Diese Geschichte ist maschinell übersetzt worden und wurde im Nachgang geprüft. Fehler sind dennoch möglich.

Fürsorge ist auch Liebe. Was ich berichten möchte, habe ich vor einiger Zeit in der Kardiologieabteilung eines Krankenhauses in der Stadt Baranowitschi, Weißrussland, beobachtet. Zu einem älteren Patienten im Nachbarzimmer kam häufig eine ältere Frau, die kaum von seiner Seite wich. Sie brachte ihm schmackhafte Speisen und verbrachte jede freie Minute an seinem Krankenbett. Natürlich wollten alle in der Station mehr über dieses ungewöhnliche Paar erfahren. So stellte sich heraus: Dieser Mann hatte sein ganzes Leben lang in einer Fabrik in Minsk gearbeitet – unter sehr schweren und gesundheitsschädlichen Bedingungen. Er hatte auch eine Ehefrau, die ständig mit seinem Gehalt unzufrieden war. Oft gab es Streit und, wie man sagt, „nörgelte“ sie permanent an ihm herum. Der Mann, ein eher stiller und ausgeglichener Charakter, versuchte, den Auseinandersetzungen zu entgehen und seiner Frau zu gefallen, indem er oft Überstunden machte und sogar an Wochenenden arbeitete.

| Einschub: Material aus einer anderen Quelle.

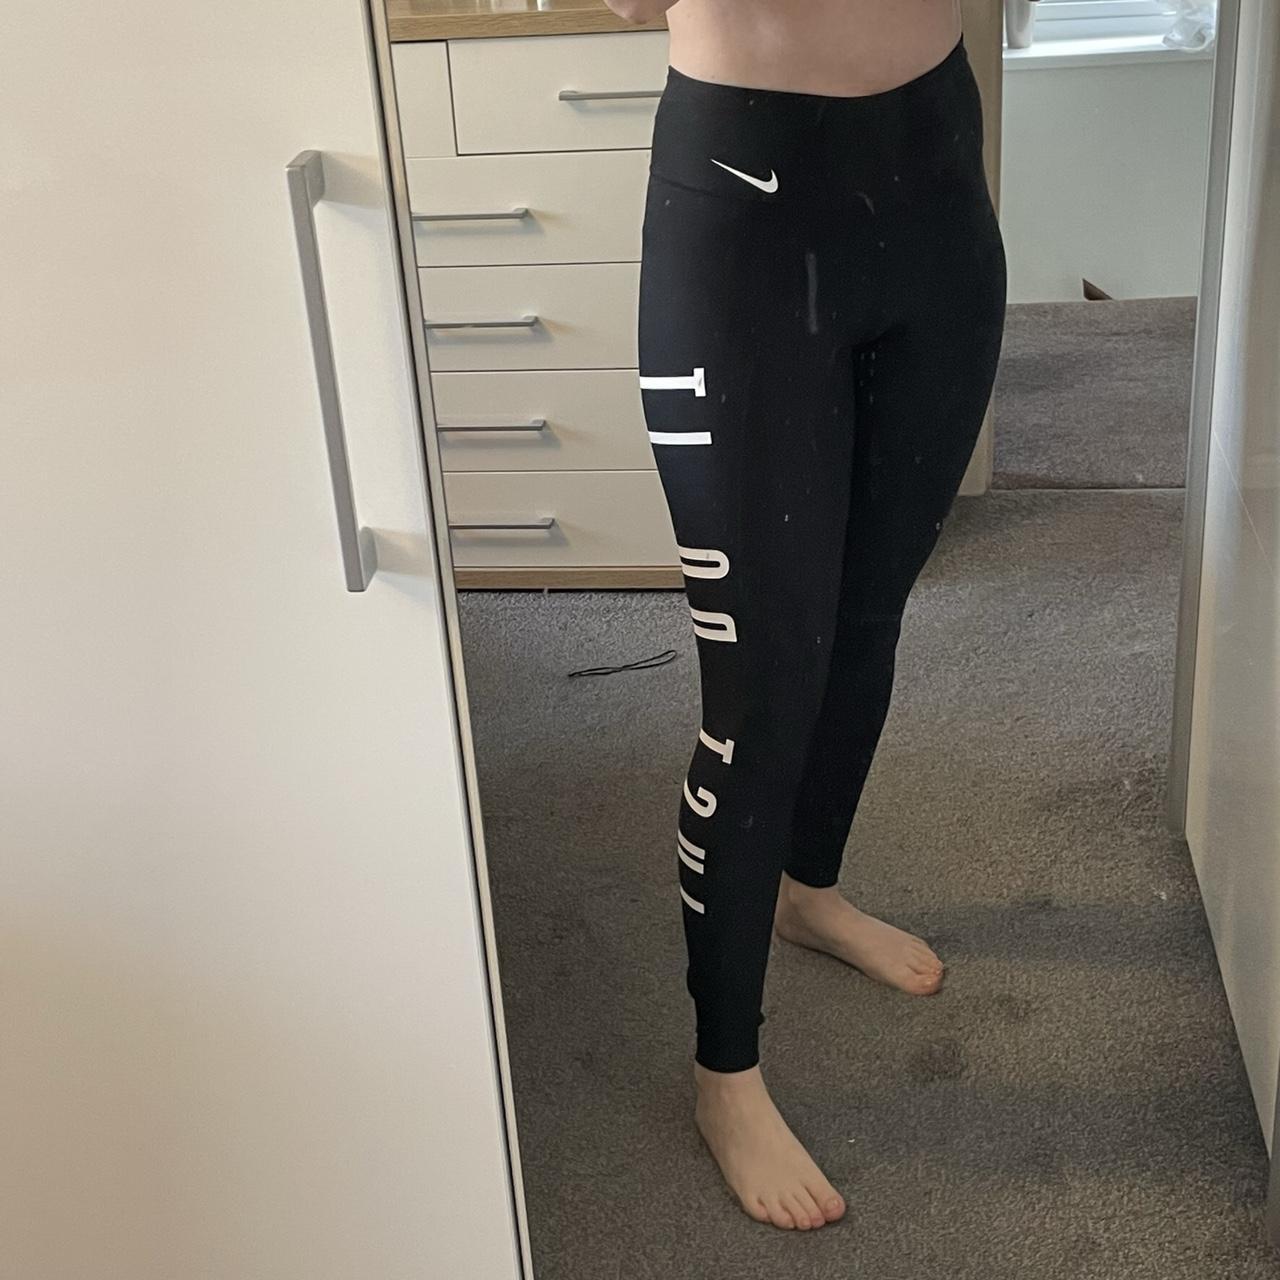 Black nike leggings🤍 size small would be able to fit - Depop

Natürlich konnte sein Herz den ständigen seelischen Belastungen, den Vorwürfen seiner Frau und der schweren körperlichen Arbeit unter den schädlichen Bedingungen nicht standhalten. Eines Tages brachte ihn ein Krankenwagen ins Krankenhaus, wo eine lange Behandlung anstand, mit der Aussicht, dass er behindert bleiben würde. Als seine Frau erfuhr, dass von ihrem Mann nichts mehr zu erwarten war, dass er nicht mehr wie früher viel verdienen würde, verkaufte sie schnell die Wohnung und verschwand in unbekannte Richtung. Kann man sich den Zustand eines kranken Menschen vorstellen, der im Krankenhaus liegt und dem alles genommen wurde? Und wenn er das Krankenhaus verlassen würde, stünde er auf der Straße. Ich weiß nicht mehr, wie diese gütige, alleinstehende Frau, die 150 Kilometer von Minsk entfernt wohnte, von seinen Umständen erfuhr, aber sie nahm ihn zu sich und schenkte ihm eine solche Fürsorge und Aufmerksamkeit, wie er sie in seinem ganzen Leben nicht erfahren hatte. Wie die Geschichte endete, weiß ich nicht. Nur bin ich sicher, dass die gute Tat dieser älteren Frau im Himmel vermerkt ist, denn Christus sagte: „Ich war krank, und ihr habt mich besucht.“ Und Er wird den guten Christen sagen: „Kommt her, die ihr von meinem Vater gesegnet seid, und ererbt das Reich, das euch von Grundlegung der Welt bereitet ist.“ (Matthäus 25,34-36).